Thursday, June 05, 2008

SEX AND THE CITY -- THE MOVIE

Carrie Bradshaw's opening narration in SEX AND THE CITY tells us that women come to New York in search of two things: labels (as in designer) and love. In that order. When I heard that narration, I knew pretty much what I was in for. Evidently the rampant psychotic greed that typified Carrie's adventures was going to be very much front and center. And I wasn't wrong: the labels came fast and furious and faster and furiouser.

What love there is in the film is largely distributed among the four women and their intimate relationships with each other, their bank accounts, their closets, their favorite department stores, their favorite designers, and their dogs, not necessarily in that order. There are some men in there too, but they are completely beside the point. Big and Carrie finally decide to get married, almost as an afterthought after a scene of apartment hunting that nets Carrie her dream apartment (paid for, of course, by Big). The impending nuptials prompts a Nero-esque orgy of wedding dress fittings and preparations that would have shamed Malcolm Forbes. Big feels rather understandably left out of the whole deal, and winds up bolting. Carrie must, with her friends' help, put the pieces of her life back together.

That's the main set up for the film, and it is Carrie's story, after all. As far as the supporting characters go, more questions are raised than are answered, and it gets very frustrating. There's nothing like equal time spent on the lives of the other three characters, and nothing like equal time given to their men, who don't register at all. Samantha's partner Smith has gone from being a hunk with a soul in the series to a mysteriously chilly cipher in the film. Charlotte's husband Harry is only shown so that we can all marvel at how wonderful he is. Miranda's husband Steve fares a bit better, but the only one of the men to get anywhere near the screen time that the ladies get is Carrie's partner Big, evidently named for the really astonishingly huge size of his financial portfolio.

Ultimately, Steve and Miranda's relationship is the only relationship in the film that seems to have any resemblance to life as it is lived by more than one percent of the human population since the beginning of time. It is also the most frustrating, because I kept wanting to know more about what had gone wrong with them, and the motives behind their behavior. But no, this isn't that kind of a movie. The movie sacrifices character development for fashion shows. On at least three occasions, the movie screeches to a halt for a display of some of the ugliest clothing ever, outfits that would only make sense worn by Divine in some abandoned Fellini film. But not as tasteful.

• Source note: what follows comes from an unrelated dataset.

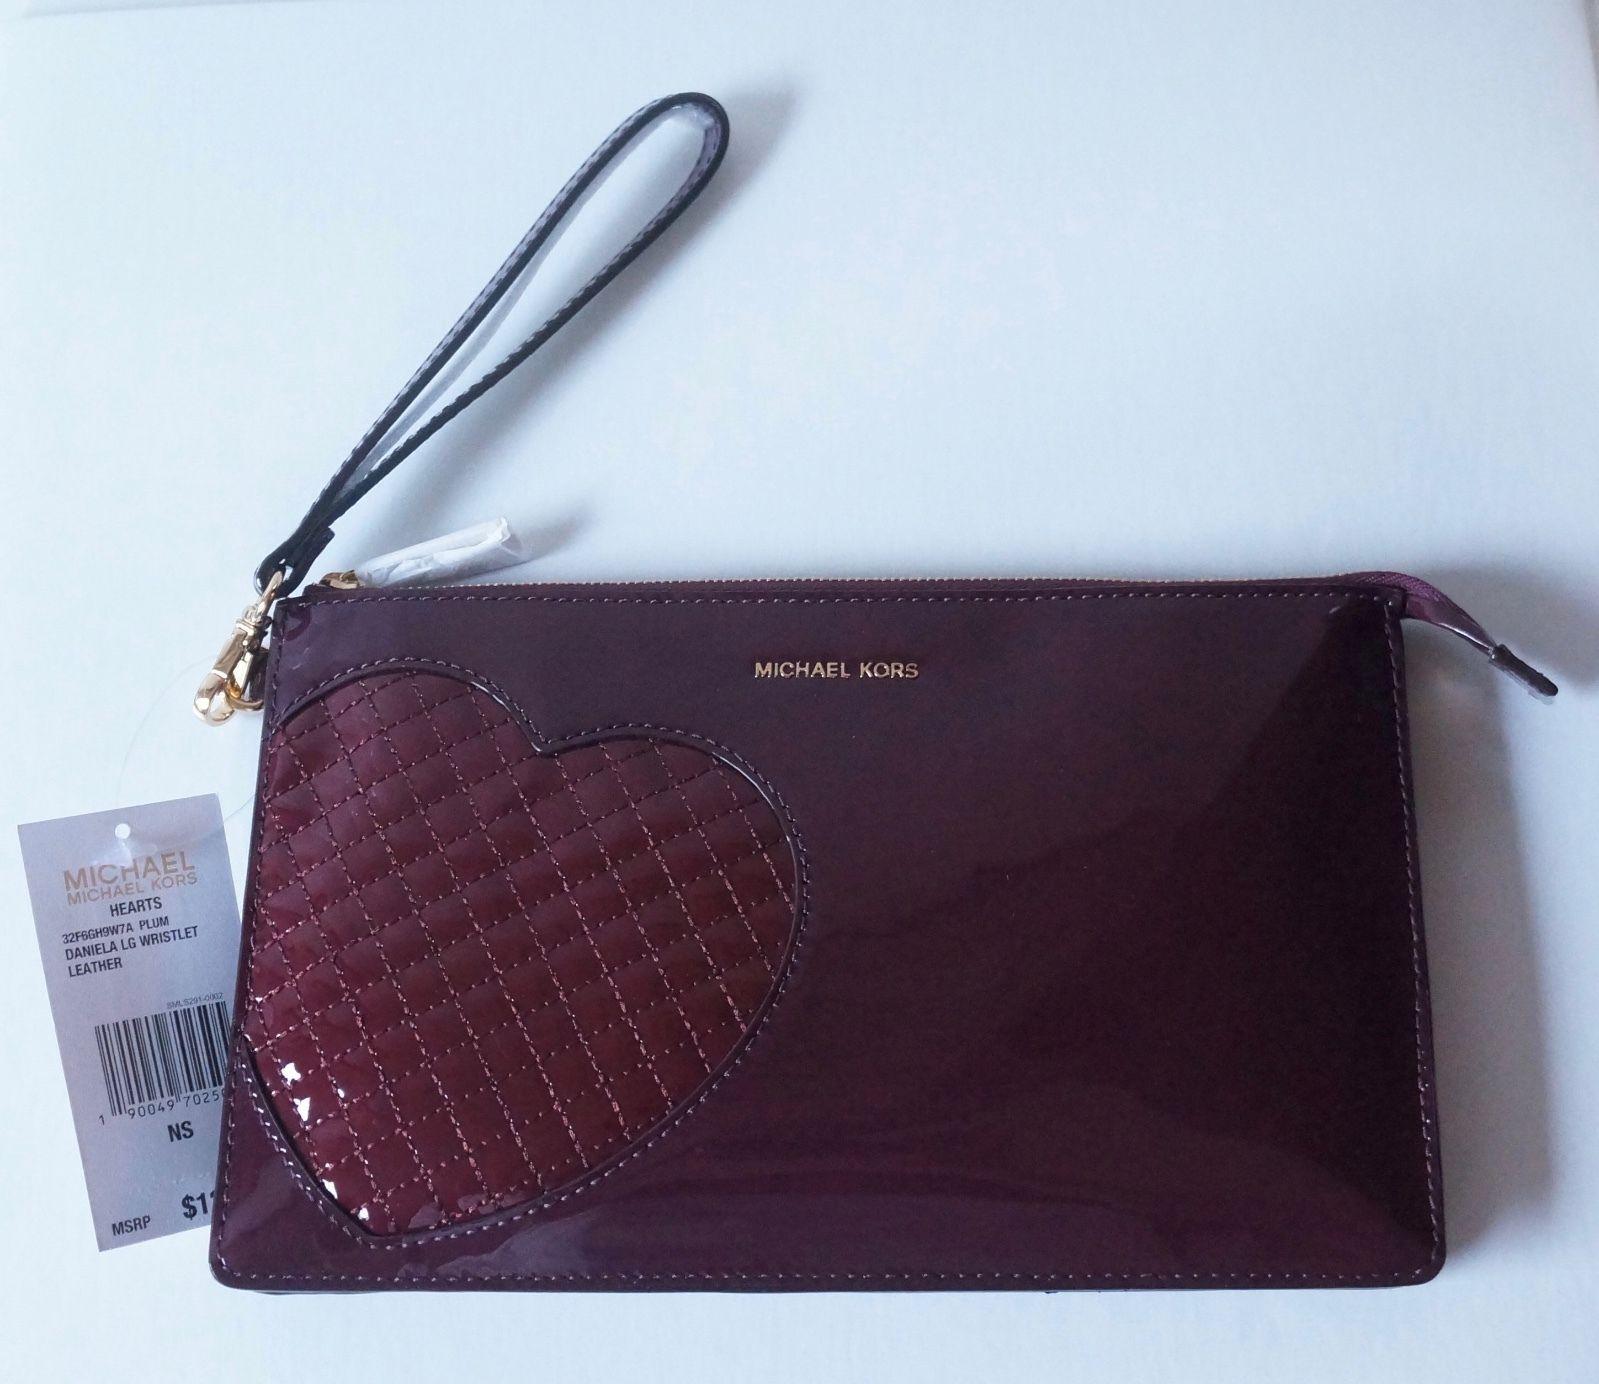 681ed0f7f6e2d Nwt Michael Kors Daniela Hearts Large Patent and 50 similar items. S l1600

I can't help feeling that way too many of the problems faced by these characters could have been headed off at the pass simply if the people involved ACTED LIKE ADULTS. Yeah, yeah, the show is a sitcom/fairytale, and the movie follows that tradition, but both show and film keep pretending to be more than that, raising some fairly serious issues about relationships while resolutely ignoring others, and it never seems to be aware of the paradox. It wants to be a fabulous frothy cocktail of shopping and sexy punny talk AND a serious comic examination of the lives of women in the Big City. The balance between the triviality of a lot of their pursuits (cosmos and bars and $550 shoes, oh my) and the seriousness of their relationship issues is a precarious one. And occasionally the magic in the series worked. Miranda's often confused feelings for Steve, Samantha's growing attachment to Smith, and Charlotte's attempts to get pregnant were generally very interestingly and movingly handled. But it wasn't long before the scales would tilt back to the trivial: another dress, more shoes, another shopping spree...

My reaction clearly isn't typical. I just have a hard time relating significantly to the lives of people who spend $300 on a single throw pillow. A pillow, I might add, that winds up as a sex partner for a dog that doesn't realize she's been neutered, which seems like something of a metaphor for at least one of the female lead characters. At least Jennifer Saunders' ABSOLUTELY FABULOUS made a point of the thick-headedness of its heroine who steadfastly refuses to learn anything at all, while SATC, in general, wants us to applaud and admire these women who so often behave so badly while dressing so fabulously.

To be fair, the film seems to address some of the uglier issues of the series. Carrie's pathological self-centeredness, for example: it is to her credit that she finally does recognize her own selfishness regarding the whole outlandish wedding fiasco. But like all of the lessons learned by these characters, it vanishes in a shrieking orgy of self-congratulation and a dinner at a surprisingly unfabulous restaurant near City Hall, the only time I can think of where all of the characters appear onscreen together. The narration even tells us that we have to look past the labels to find the love, in what we're supposed to see as a reversal of the opening line. That little message is flatly contradicted by the film's final moments: the ladies are shown, without their men, disappearing into a fabulous nightclub, velvet rope lifted to accommodate their fabulousness, all attired in clothes so resolutely hideous that they can only be designer originals.